(Data segment)
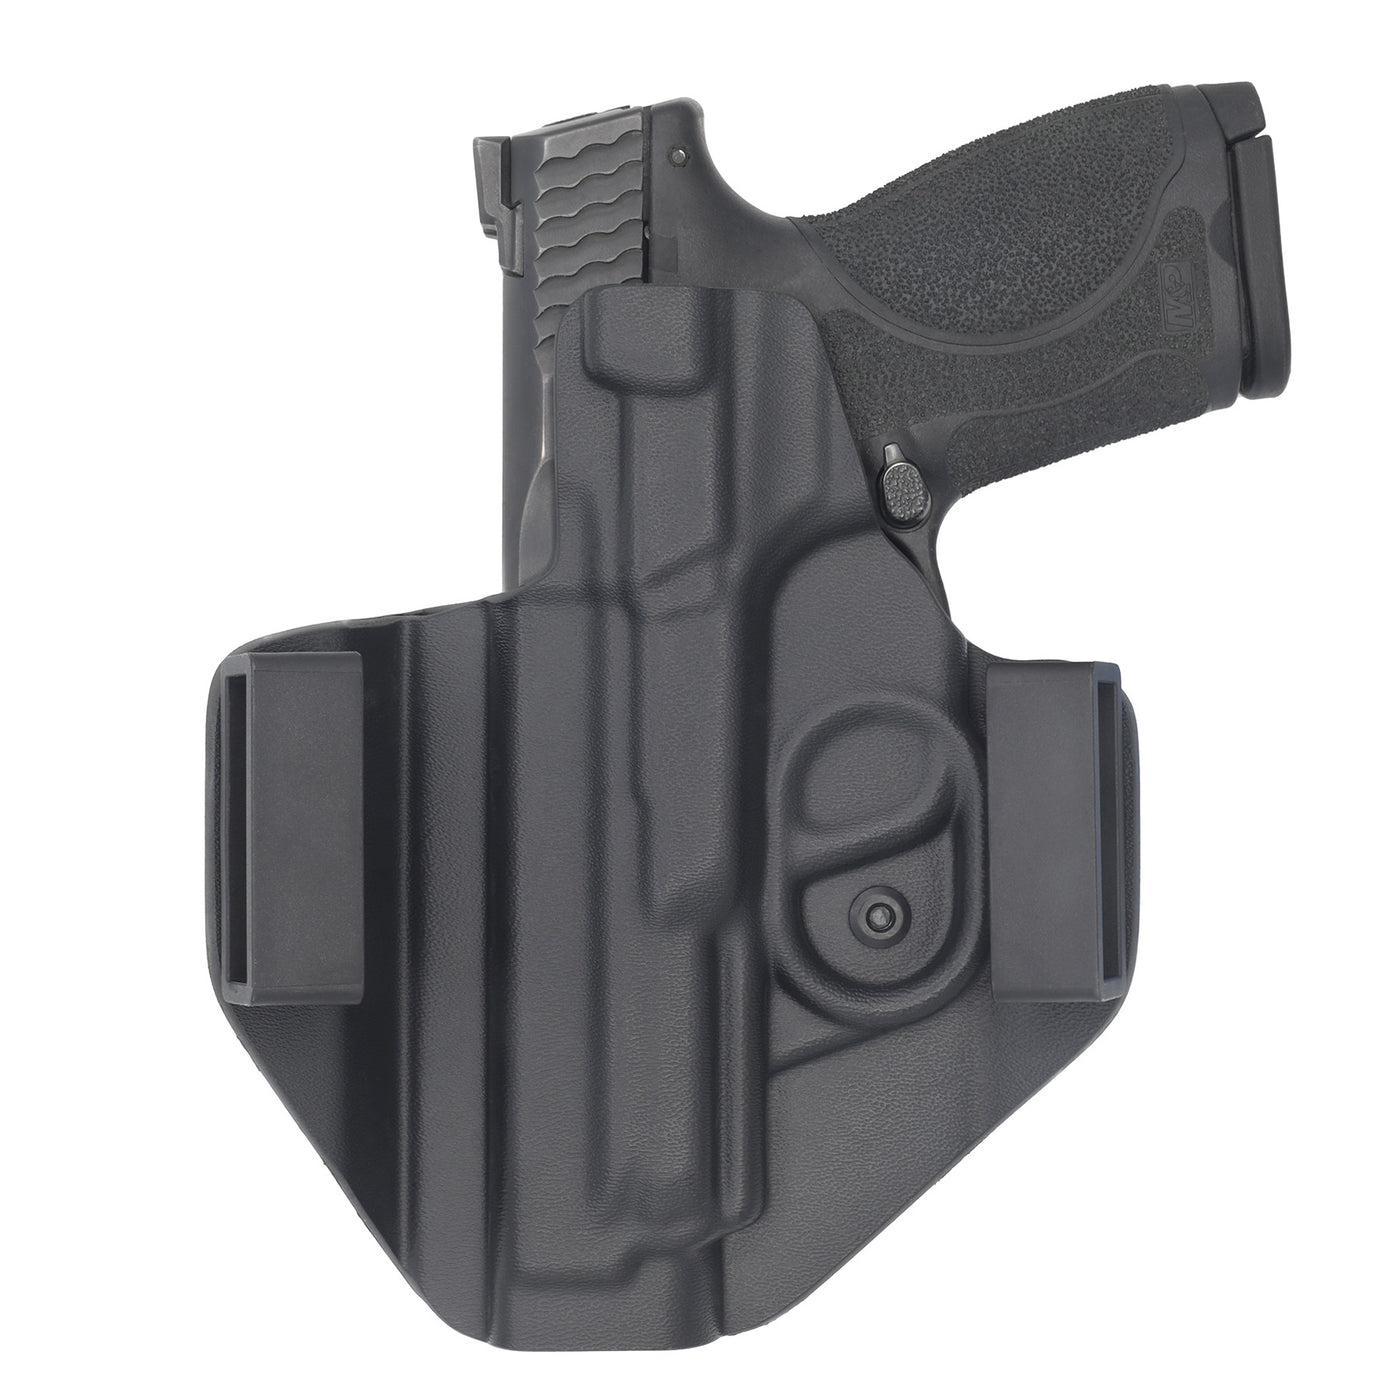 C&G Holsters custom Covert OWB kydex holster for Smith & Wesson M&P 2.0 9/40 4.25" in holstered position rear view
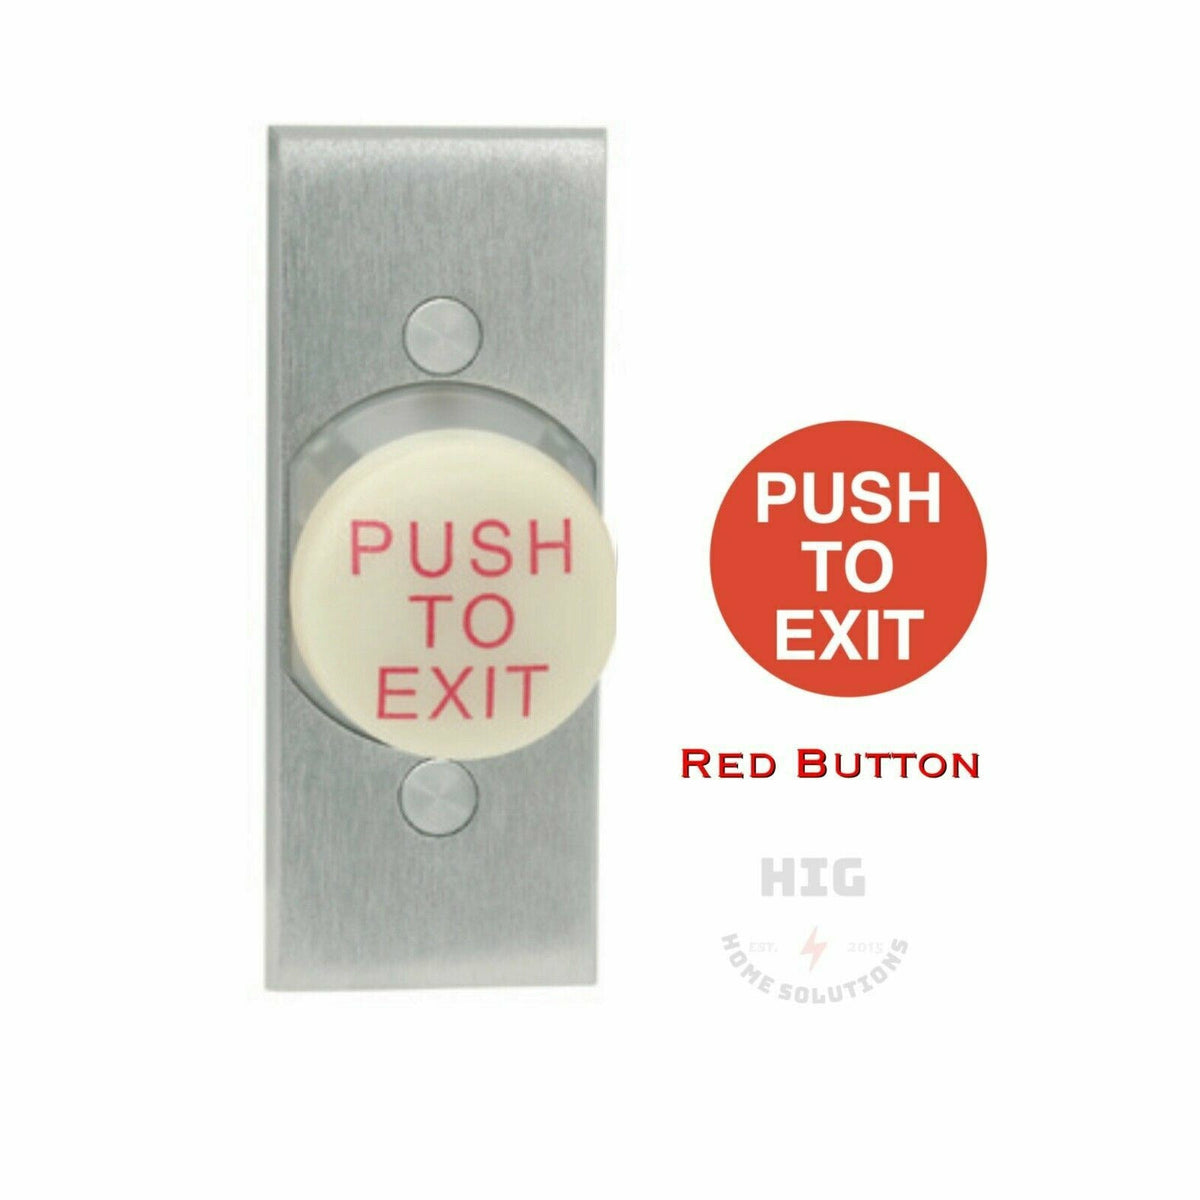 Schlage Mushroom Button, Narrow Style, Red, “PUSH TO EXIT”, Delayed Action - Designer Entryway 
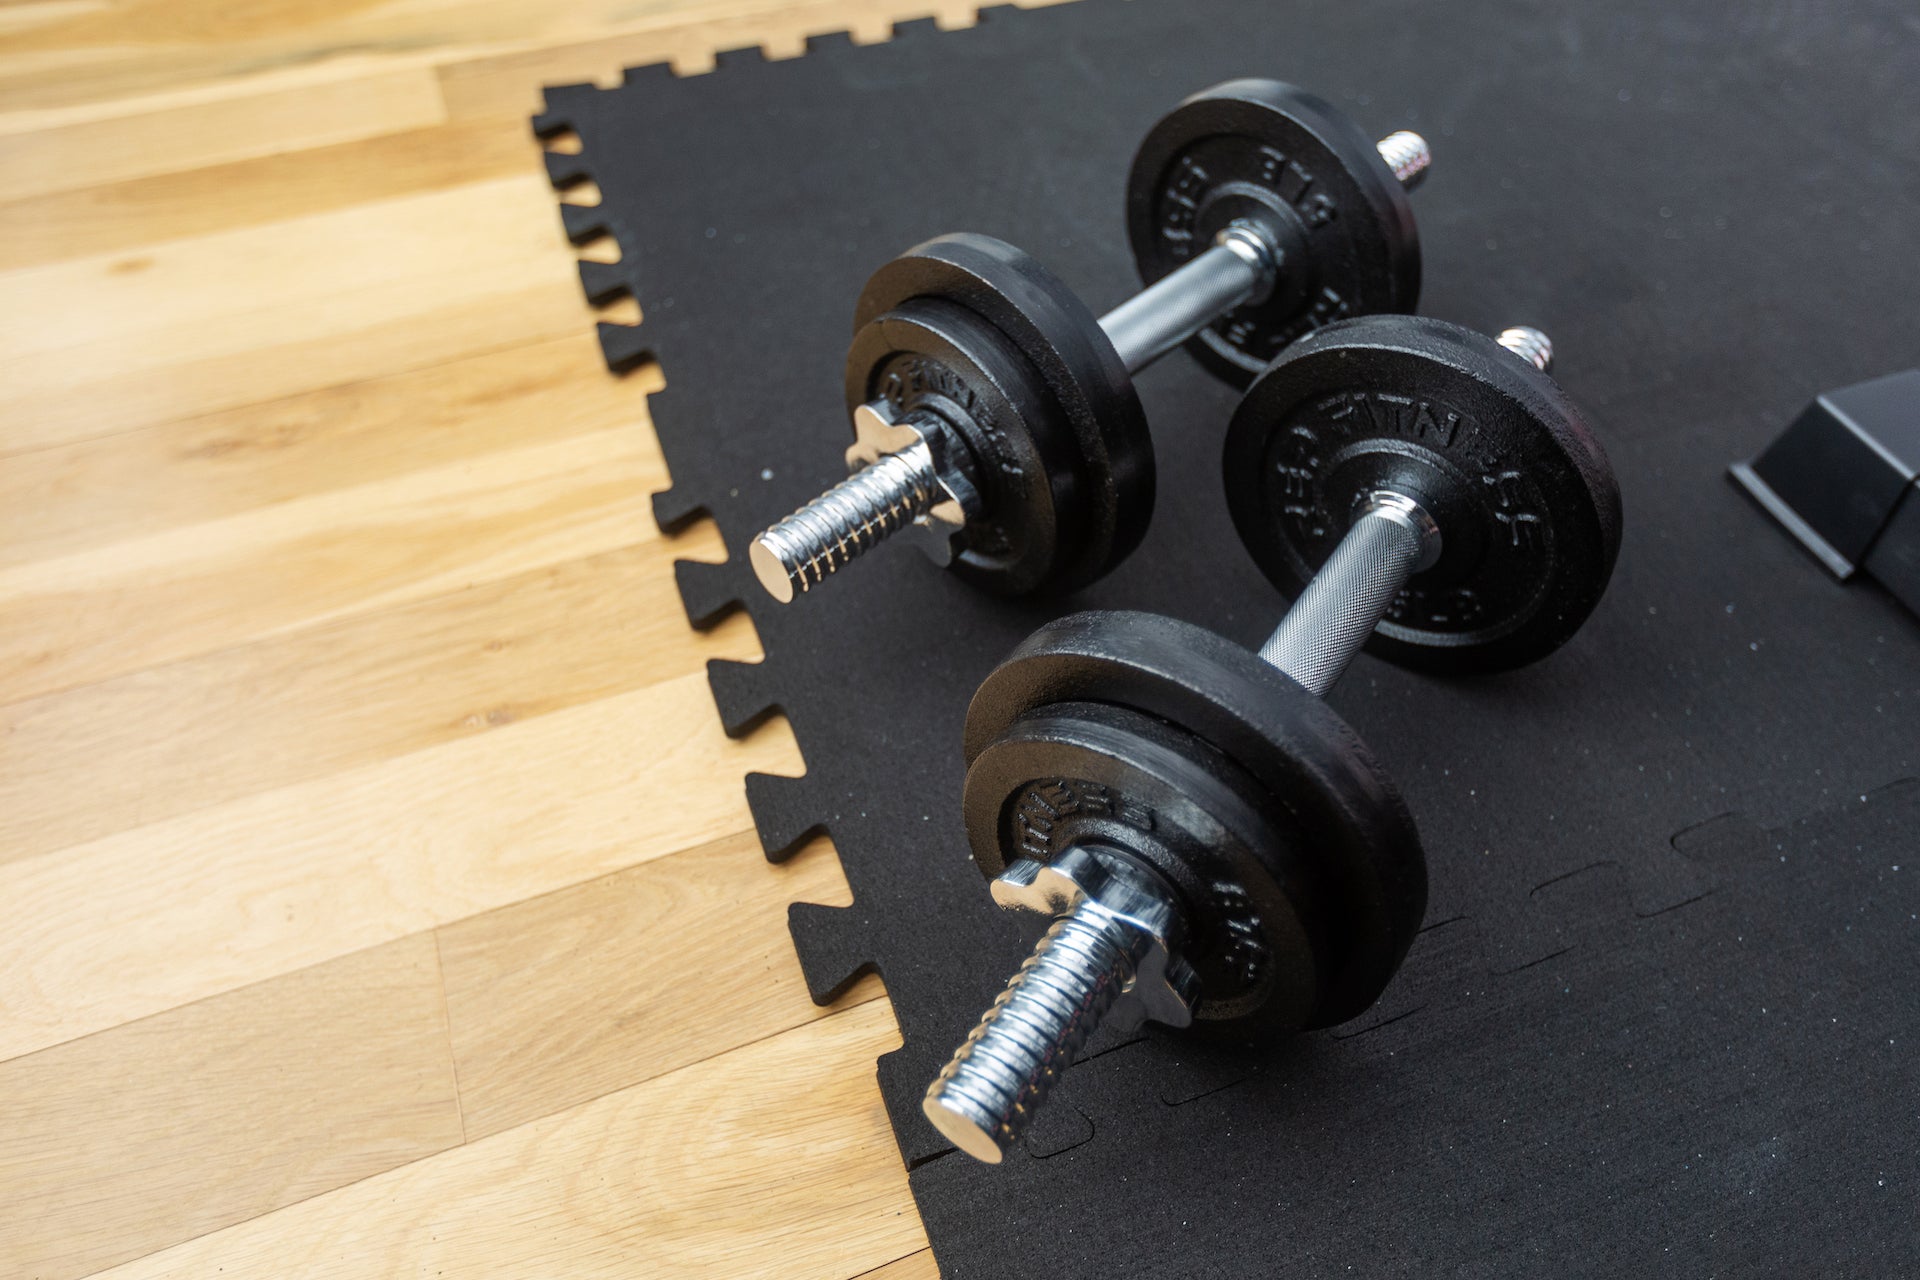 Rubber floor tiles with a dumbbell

(Required work)
All of the data should be returned word for word, with each picture left out.

(Result of this task)
 C&G Holsters custom Covert OWB kydex holster for Smith & Wesson M&P 2.0 9/40 4.25" in holstered position rear view
 Schlage Mushroom Button, Narrow Style, Red, “PUSH TO EXIT”, Delayed Action - Designer Entryway 
 Rubber floor tiles with a dumbbell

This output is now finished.